NASA’s New Fleet of Satellites Offers Insight into Wild Cards of Climate Change
The administration’s proposed 15% bump for NASA’s earth science budget for next year would help fund the accelerated program.
By Paul Voosen
NASA is about to announce its next generation of Earth-observing satellites. As soon as this month, it will lay out preliminary plans for a multibillion-dollar set of missions that will launch later this decade. This “Earth system observatory,” as NASA calls it, will offer insights into two long-standing wild cards of climate change—clouds and aerosols—while providing new details about the temperatures and chemistry of the planet’s changing surface. The satellite fleets also mark a revival for NASA’s earth science, which has languished over the past decade compared with exploration of Mars and other planets.

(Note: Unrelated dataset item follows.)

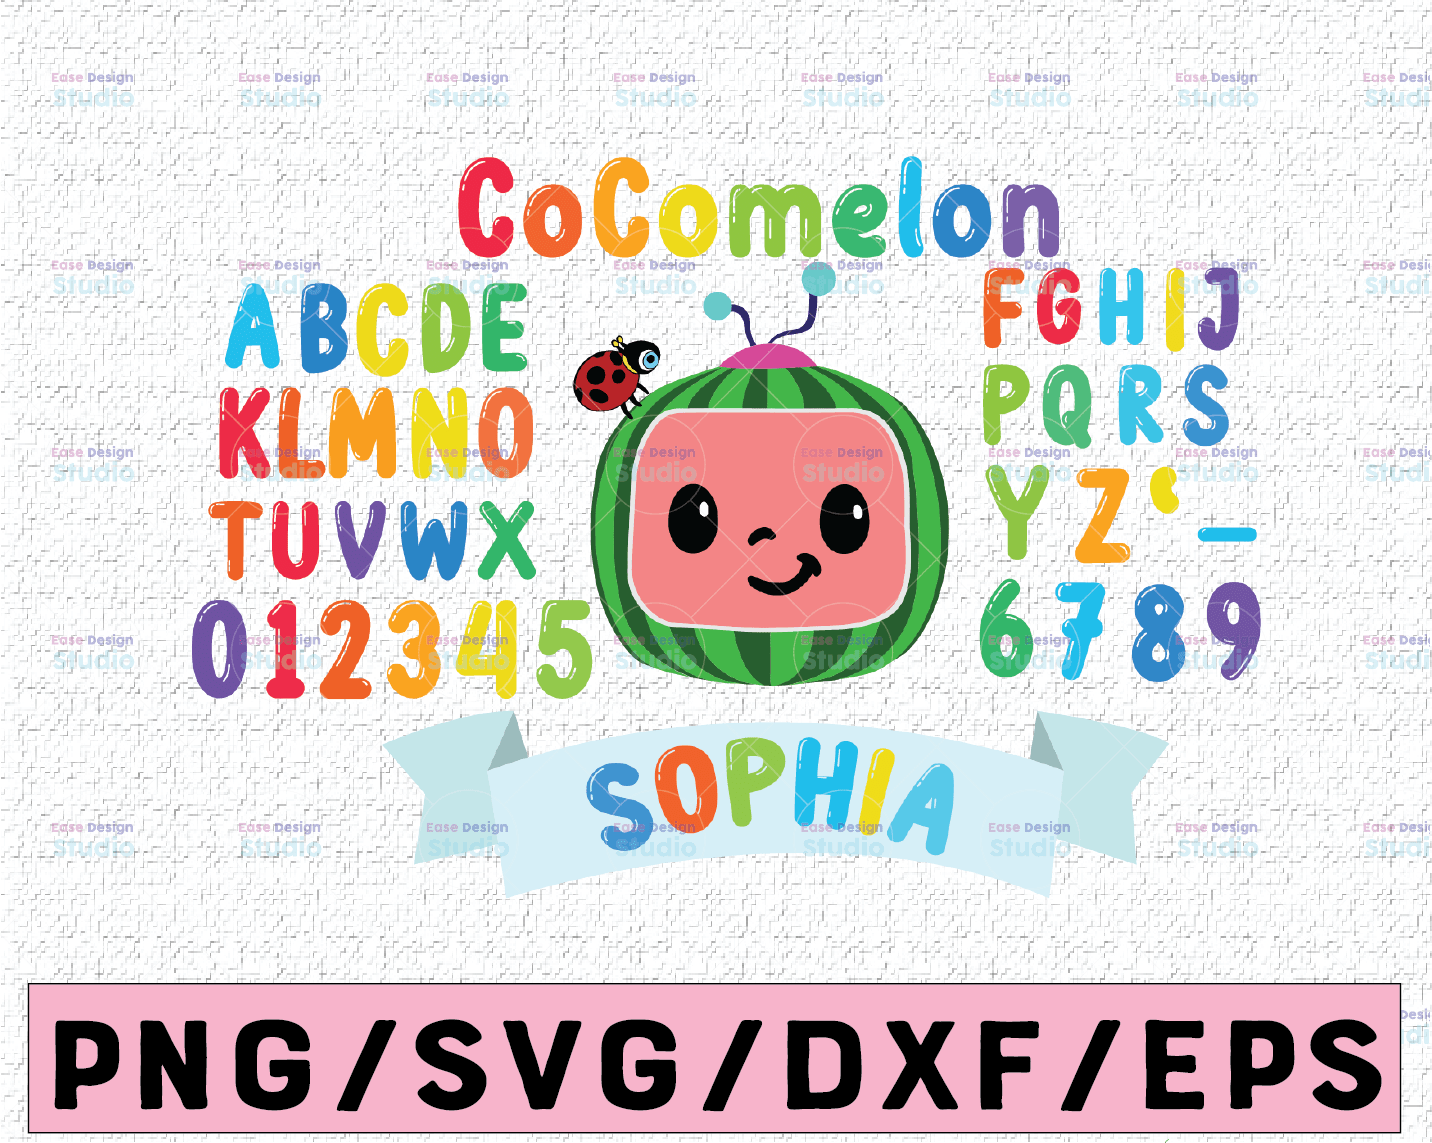 Download Cocomelon Logo And Full Alphabets Birthday Svg Png Cocomelon Birthday Svg Png Cocomelon Family Birthday Png Watermelon Svg Vectorency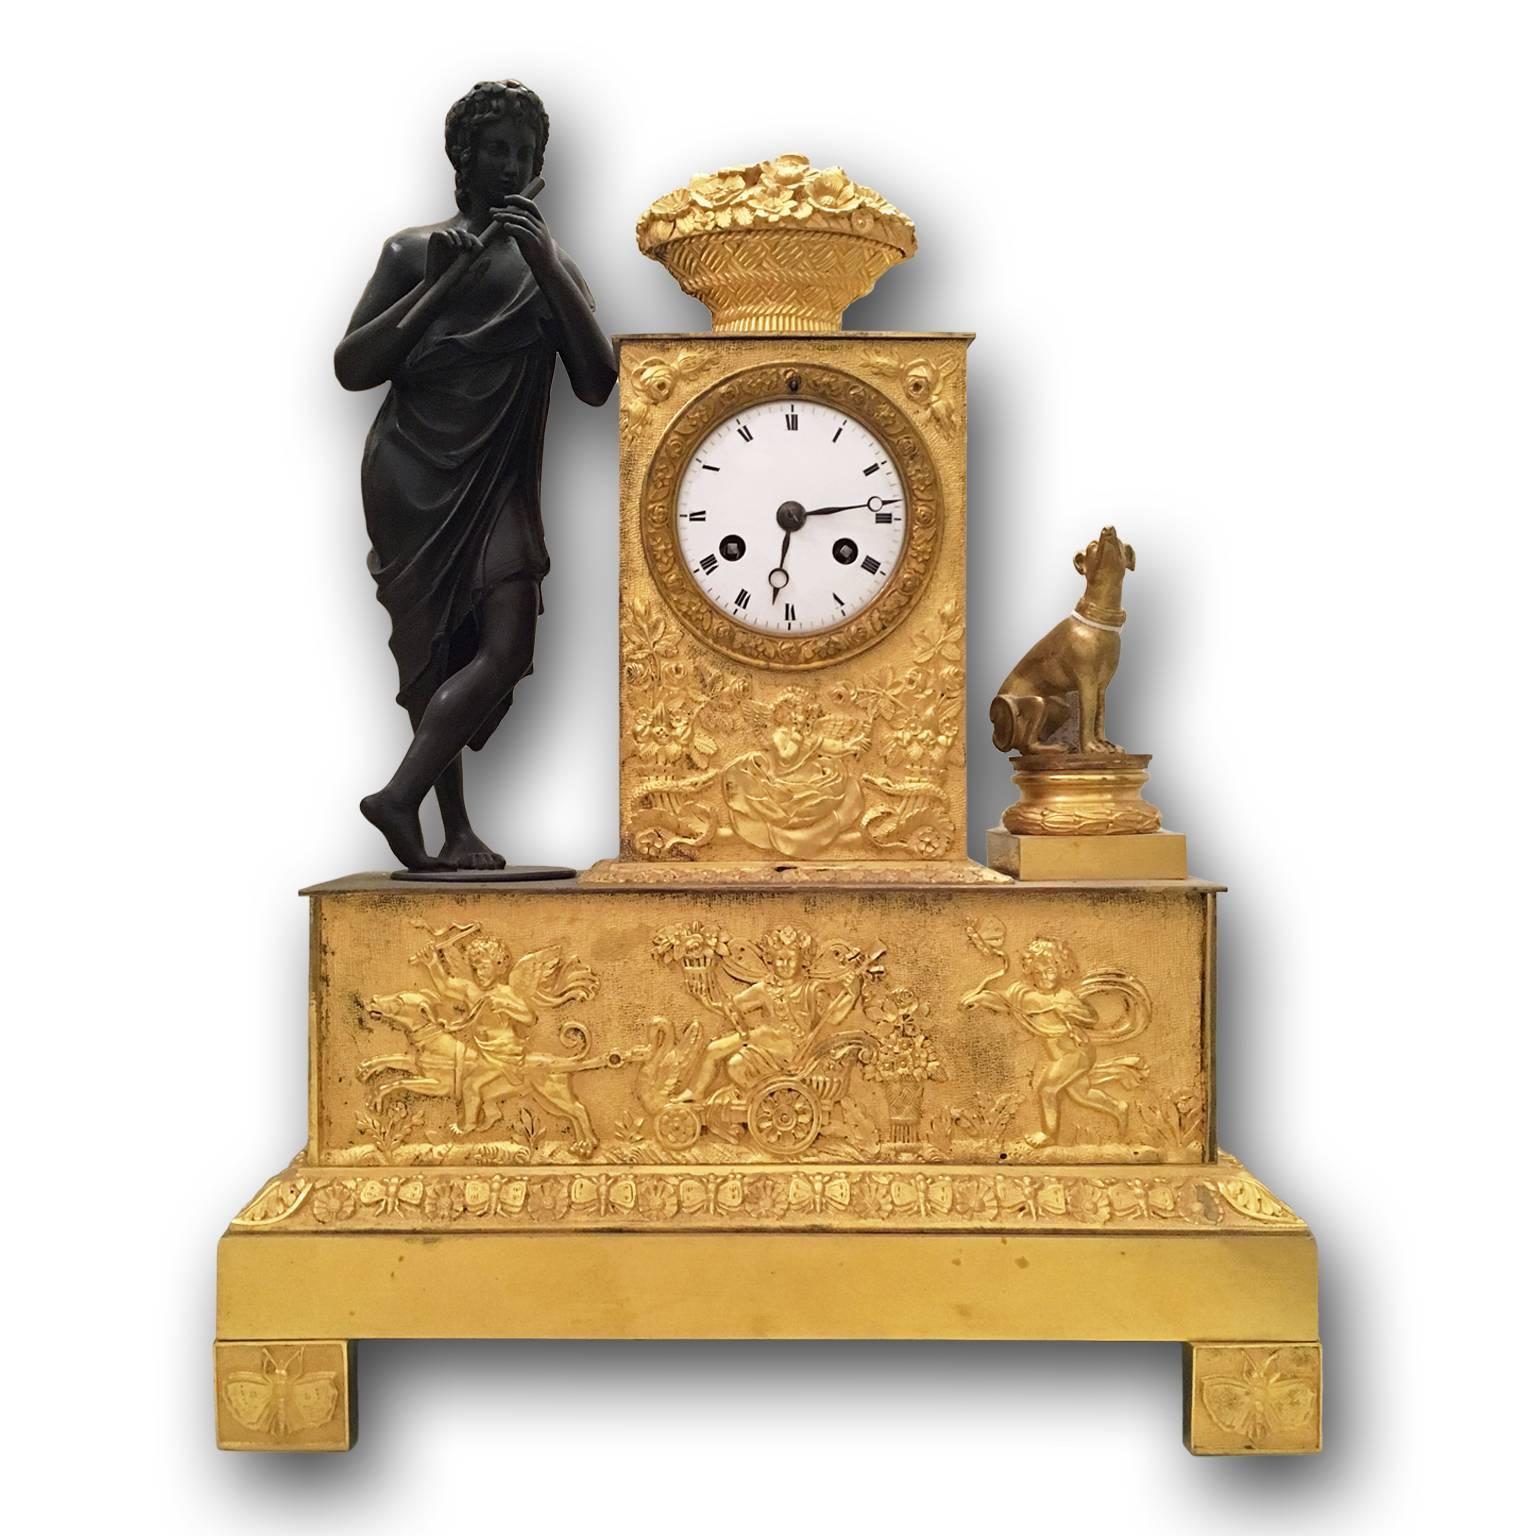 An amazing French neoclassical gilt bronze pendulum clock, retaining its original ormolu gilding, using the technique of lost-wax casting. The rectangular base and the clock case, which contains the dial with Roman numerals, are enriched by reliefs.

Although officials have been planning the missions for several years, the Biden administration is accelerating them as part of its focus on addressing climate change. “Earth system science is poised to make an enormous difference in our ability to mitigate, adapt to, and plan for changes we’re seeing,” says Karen St. Germain, director of NASA’s earth science division. “The pace we’re going to have to do that is much higher in the decade in front of us than the decade behind us.”
Agency spokespeople declined to provide details about the missions because they have not yet been formally approved. But at a workshop last month, Charles Webb, an associate director for flight programs at NASA, said four missions would go ahead, launching as soon as 2028—an acceleration of plans under the Trump administration, when only two missions were scheduled to begin development. “It became pretty clear the greatest science return is having all of these in operation close to each other,” Webb said. The missions lack official names, but go by the shorthand of ACCP (Aerosol, Cloud, Convection, and Precipitation), which covers two missions; Surface Biology and Geology (SBG), and Mass Change , which would measure tiny variations in gravity indicating changes in ice and water.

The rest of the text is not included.